What makes Returnal interesting isn't that it's hard. Plenty of games are hard. What makes it interesting is how precisely it calibrates that difficulty to its atmosphere, and how clearly it identifies the player type it's been built for — without ever quite admitting it. This is a game for people who find flow in repetition, who read risk carefully, who get annoyed not by failure but by imprecision. If that sounds like a compliment with conditions attached, it is.
The Loop That Earns Its Keep
Returnal is a roguelite third-person shooter, but that genre label undersells how tight its execution is. Each run through Atropos is a procedurally assembled gauntlet — biomes that reshuffle their corridors and enemy placement each cycle, with randomised weapon drops and passive modifiers that stack, interact, and occasionally break in your favour. The base traversal is excellent. Selene moves fast, the dash is nearly frame-perfect responsive, and the aiming has enough give to reward aggressive play without becoming an auto-assist crutch. Housemarque's decade-plus background in arcade shooters — Resogun, Nex Machina — is visible in every hitbox.
Scene from Returnal.
The weapon system is where the loop gets texture. Each gun has a proficiency level that unlocks over use, and each has a secondary Alt-Fire ability — some useful, some transformative. The Spitmaw Blaster at low proficiency is a serviceable close-range blast. At full proficiency, its alt becomes a tool for managing clustered swarms in ways that change how you move through a room. The game quietly encourages you to stick with a weapon long enough to understand it, which is a considered design choice in a genre that usually rewards constant swapping. The passive modifier system — Parasites and Artifacts that trade buffs for penalties — adds a layer of on-the-fly risk assessment that keeps each run feeling distinct rather than routine.
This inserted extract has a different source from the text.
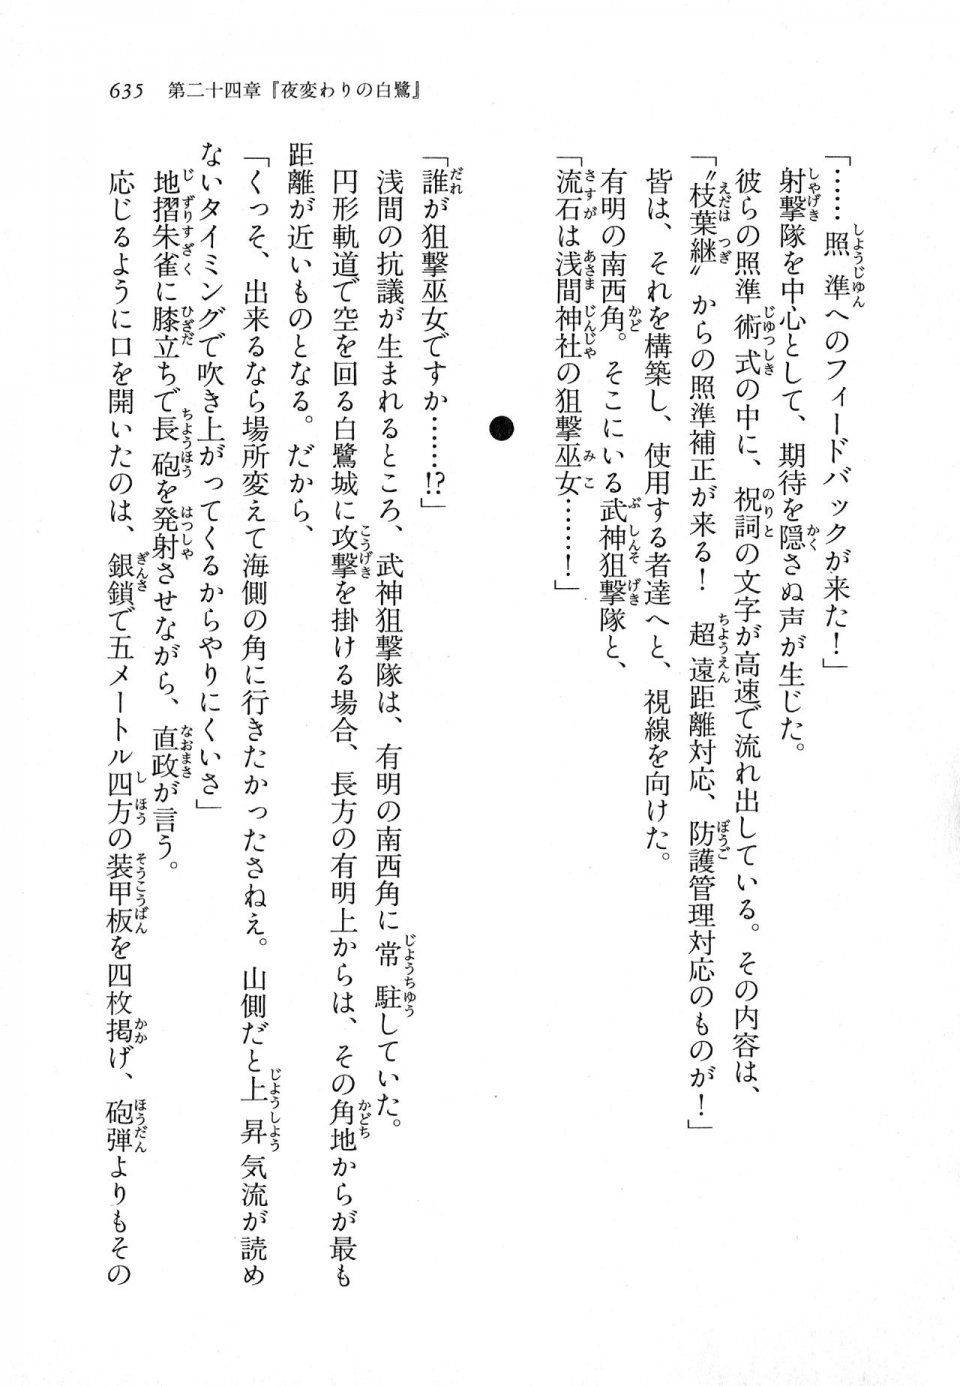 Kyoukai Senjou no Horizon LN Vol 11(5A) - Photo #635

Pacing and the Weight of the First Biome
The Overgrown Ruins — the first biome — is where Returnal wins or loses most players. It's the longest stretch before anything feels like it's opening up, and it's the biome you'll spend the most time in before a viable run starts clicking. Some players never get through it. That's partly a design decision about difficulty floor, partly a systems-communication problem. The game does a poor job explaining Ether's function, or why picking up a Parasite in your first run with no context is different from picking one up when you understand the tradeoff structure. You're expected to learn by doing, and the doing can feel punishing before it feels legible.
Once the Overgrown Ruins stops being a wall and starts being a language, the pacing opens up considerably. Biome transitions — from organic grotesque architecture to alien urban sprawl to something close to cosmic horror — are paced well enough that each new environment signals a genuine shift in enemy behaviour and engagement design. The Crimson Wastes, the third biome, introduced airborne enemies in formations that fundamentally changed how I was using vertical space. That kind of design escalation, where the environment teaches new movement vocabulary through necessity, is what Housemarque does better than almost anyone in the mid-tier studio space.
Scene from Returnal.
The Narrative Is Doing More Than It Appears
Returnal's story is oblique to a degree that will annoy players who want their science fiction delivered clearly. The narrative comes in fragments — audio logs, brief text entries, and the House sequences, which are first-person walking-sim interludes that break the shooter loop entirely and contain some of the game's most unsettling writing. Selene's relationship with her past and the recurring image of the crashed ship she keeps discovering are doing psychological work that the environmental storytelling gradually contextualises. It's closer to Observation's approach than it is to Halo's.
Whether you find that satisfying depends partly on what you want from a game narrative and partly on whether the central mystery retains enough coherence by the end to justify its opacity. Honestly, I found the final act's revelations a little thin — the imagery earns more than the explicit plot beats deliver. But the atmosphere generated in service of that narrative is almost never wasted. The audio design in particular does heavy lifting; the sound of Atropos is a constant, semi-biological drone that makes silence feel like a threat. Jane Perry's performance as Selene grounds all of it.
Presentation as Mechanical Language
Returnal was a launch-window PlayStation 5 title, and Housemarque used the hardware with some discipline. The DualSense's adaptive triggers are integrated into the shooting in a way that has actual mechanical meaning — certain weapons have a half-press secondary aim that triggers different fire modes, and you feel the resistance change before the mode shifts. It's a small thing, but it means the controller stops being neutral and becomes part of the information system. That's worth noting because most implementations of adaptive trigger feedback are decorative at best.
Visually, the game leans hard into biopunk grotesque — architecture that reads as both constructed and grown, with a colour palette that shifts from sickly yellows and purples in the early biomes to colder, more abstract blues and whites in the later ones. The enemy design follows the same logic: early Scouts are vaguely humanoid, later enemies are geometrically abstract, barely classifiable as organisms. Housemarque is telling you something about Selene's psychological state through what she's encountering, and whether you notice that or not, it works on you.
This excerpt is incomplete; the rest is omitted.